16.3 Standardisation

While ridge regression can be applied directly to the original data, the penalty is only comparable between the components of \(\beta\), if the components have similar magnitude. Also, we do not want a method which is depends on the units in which the \(x\) variables are measured. To address these issues, it is common practice to first standardise each of the \(x\). In this way the penalty will apply equally to all of the coefficients, and the results can be transformed back to obtain \(\hat{y}\) on the original scale.

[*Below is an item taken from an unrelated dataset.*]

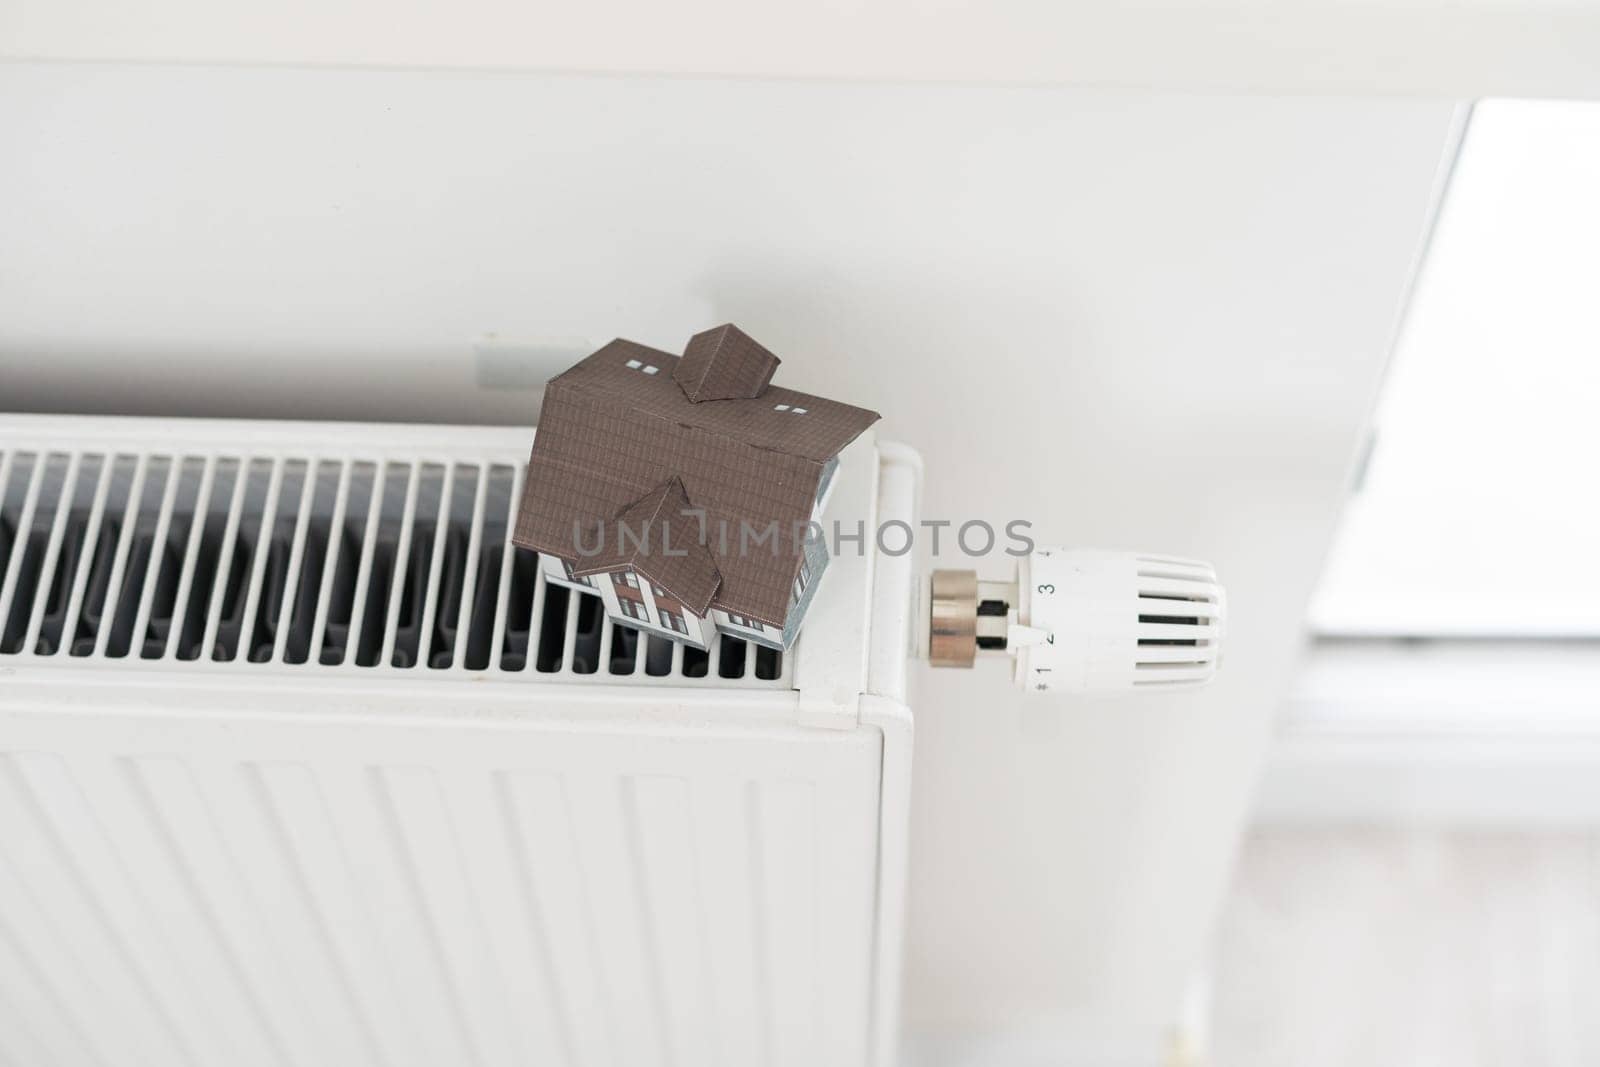 House model on the heating radiator. High quality photo

We standardise every column of the input separately: For the input variable \(x_j\), where \(j\in\{1, \ldots, p\}\), we get \[\begin{equation*} w_{ij} := \frac{x_{ij} - \overline{x_j}}{\mathrm{s}_{x_j}}, \end{equation*}\] for all \(i \in \{1, \ldots, n\}\). where \(\overline{x_j} = \frac1n \sum_{i=1}^n x_{ij}\) and \[\begin{equation*} \mathrm{s}_{x_j}^2 = \frac{1}{n-1} \sum_{i=1}^n (x_{ij} - \overline{x_j})^2 \end{equation*}\] is the sample variance. We similarly standardise the outputs: \[\begin{equation*} z_i := \frac{y_i - \overline{y}}{\mathrm{s}_y}, \end{equation*}\] where \(\overline{y}\) and \(\mathrm{s}_y\) are the mean and standard deviation of the \(y_i\). If we denote the regression coefficients for the transformed data by \(\gamma\), then the residual sum of squares for the transformed data is \[\begin{equation*} r_\mathrm{tfm}(\gamma) = \sum_{i=1}^n \bigl(z_i - \gamma_0 - \gamma_1 w_{i1} - \cdots - \gamma_p w_{ip} \bigr)^2. \end{equation*}\]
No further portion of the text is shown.